Sunday, September 14, 2014

Encapsulated: Part One

    We start forming our own battery of likes and dislikes from the moment we pop out into the world. As soon as our eyes open, and we can see with clarity, we begin piling things into, things I like, and things I don't like.  At first, this is good enough; the simple black and white of absolutism.  But in short order, those two polar opposites in our minds divide, divide again, and yet again, until many years later, we have our own personal, fully formed organism of preferences.
    How this refers to the Attire language and its usage is simple, we bring all of those preferences to the table each time we think of adding to our vocabulary of apparel.
    In our very early lives, we are most of us hamstrung in that to a major degree, since our clothing choices are being dictated by our parents.  They not only select the clothes we wear because they pay for them, but because they believe that their choices will be better ones, and no doubt to a significant degree, they are.  They can select the correct size, and make sure the quality level will at least last to the next growth spurt.  What they cannot do with accuracy though, is see into our little minds and know what we would prefer to wear, given the free choice.
    So, our earliest free choices tend to be pretty out there in terms of style, color and practicality. Given our first free rein, we, most of us at any rate, choose things that are more emphatically stylish, more boldly colored or patterned, and aren't especially practical in the long term sense.
    As we enter our teen years, our choices continue to evolve, growing more reasoned as we begin to learn the subtleties of things like fit and make.  As well, our style choices take another turn too, since our internal growth into adulthood, expresses itself outwardly.  We both consciously, and unconsciously, often choose clothing that will make us seem more adult than we in fact are, because we want to hurry the day when we will be free to move about in the world, without parental constraints.
 
    Once the bounds of parental control get cut, things change dramatically.  The chief reason, beyond our actual freedom to choose for ourselves without regard to another whims, is that we are paying for those things on our own, and so considerations of budget, and long term wearability gain more importance to us in our choices.  Its during this period of young adulthood that we really finalize our approach to how we dress ourselves.
 
    There are those whose career choice makes them be quite decided in how they differentiate between their work and other lives.  Many is the person I know whose work garb is never used after 5 or on weekends. Others have a much less defined line between work and non-work apparel, and some, none whatever.

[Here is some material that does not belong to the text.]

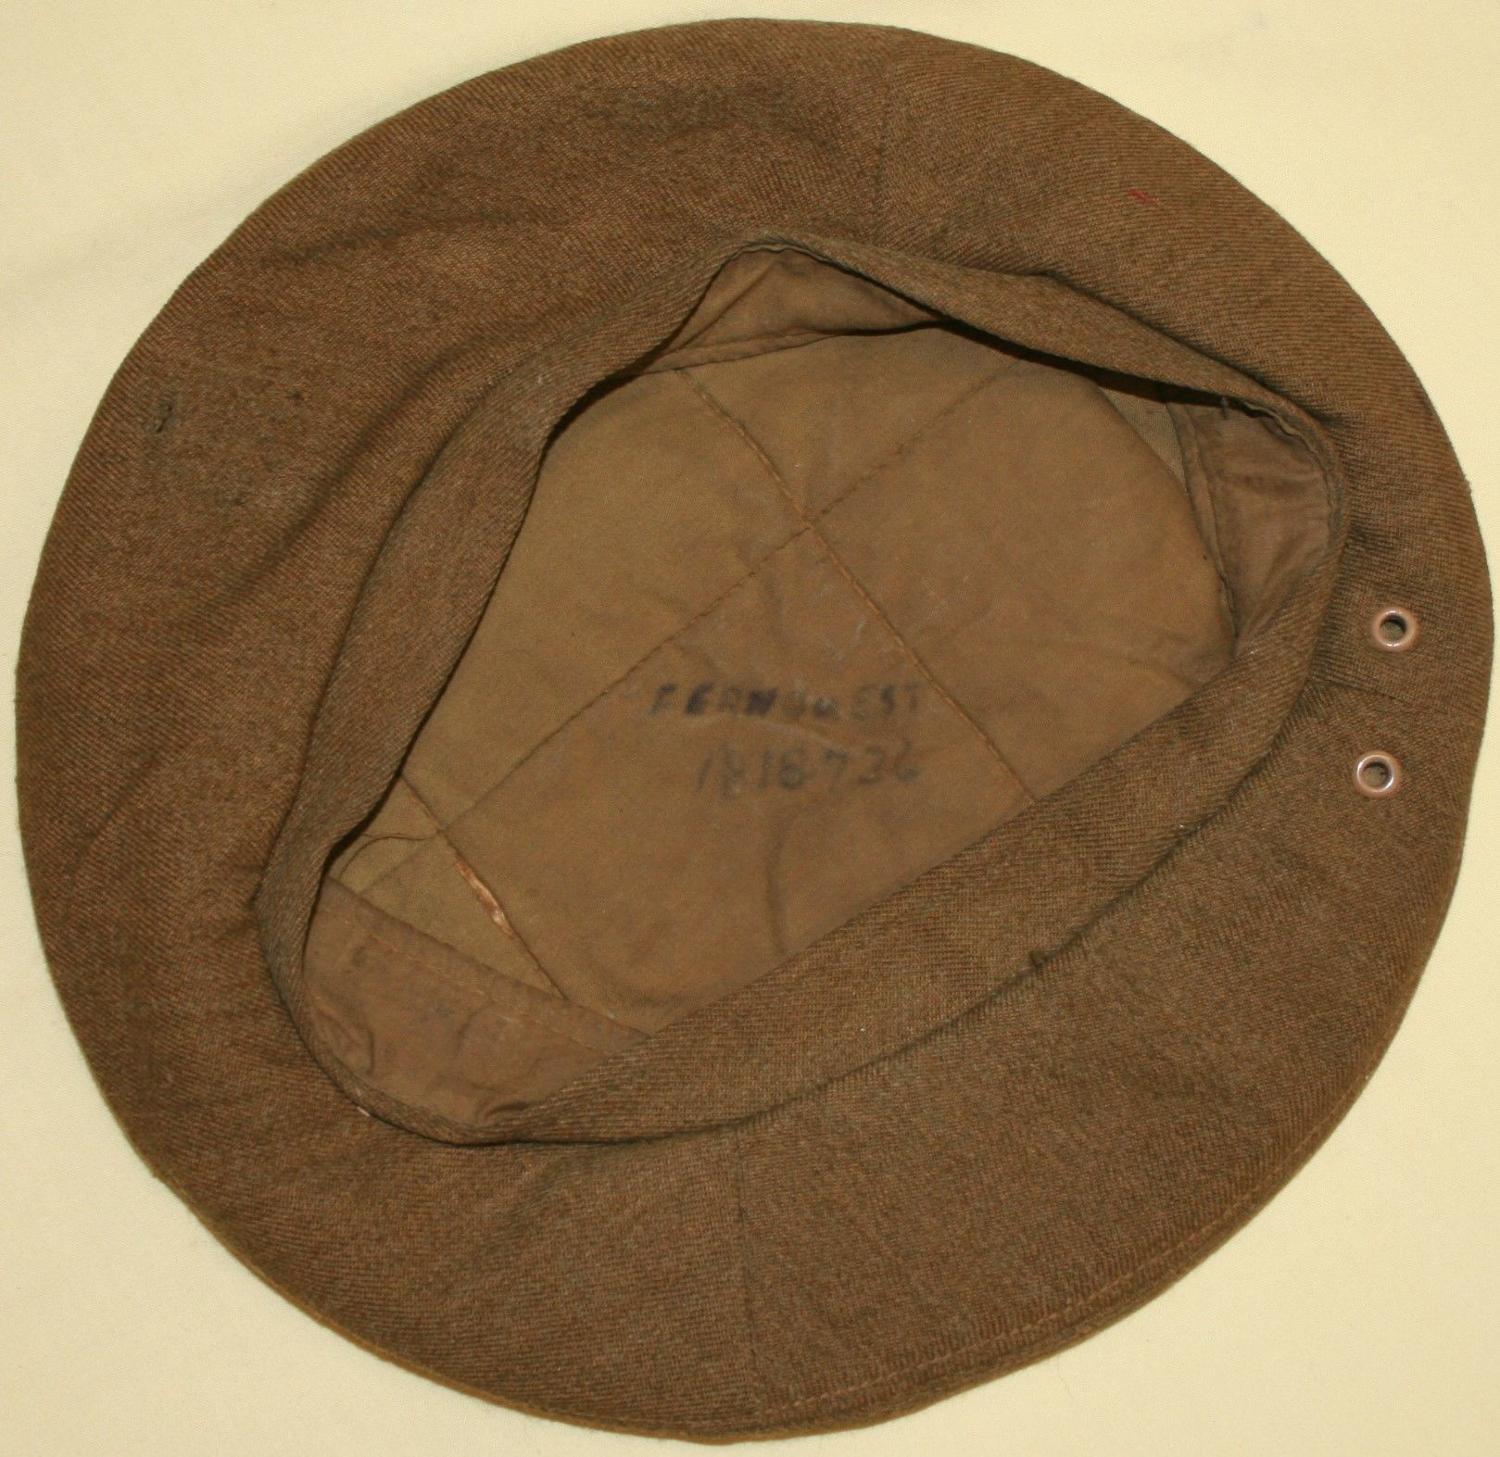 A WWII PERIOD GS BERET NO MARKINGS VISIBLE

    For myself, the line is pretty murky, since I work in a very casual environment, so there are few things I own that are really not ever worn to work.  And this fact has affected the overall expression of my own Attire dialect.
    During our middle years, and by that I mean the mid 30s to the 60s, we tend to be the most attached to style and its expressions.
  As we transition into our elder years, we tend to choose less overtly stylish clothes, opting for comfort over fashionability.  Part of that is that so much of what is produced is aimed at the young market, and what is being made for more mature people tends to be more conservative.  So, rather than fight that we allow our attire to change again.  Of course, its important to note as well that as we get older, the vast majority of us end up living on smaller, and entirely fixed incomes, so budgetary concerns become a very big player in every choice we make.
    So what we have here, in the over arching sense of it, is a method of scrolling through our lives, and looking at the arc of our progression in terms of apparel.  When we look at those things again, through the lens of our accumulated years we can, if we wish, gain some very real insight into who we were, and what we dreamed at the time, and with that get a clearer picture of the totality of our path.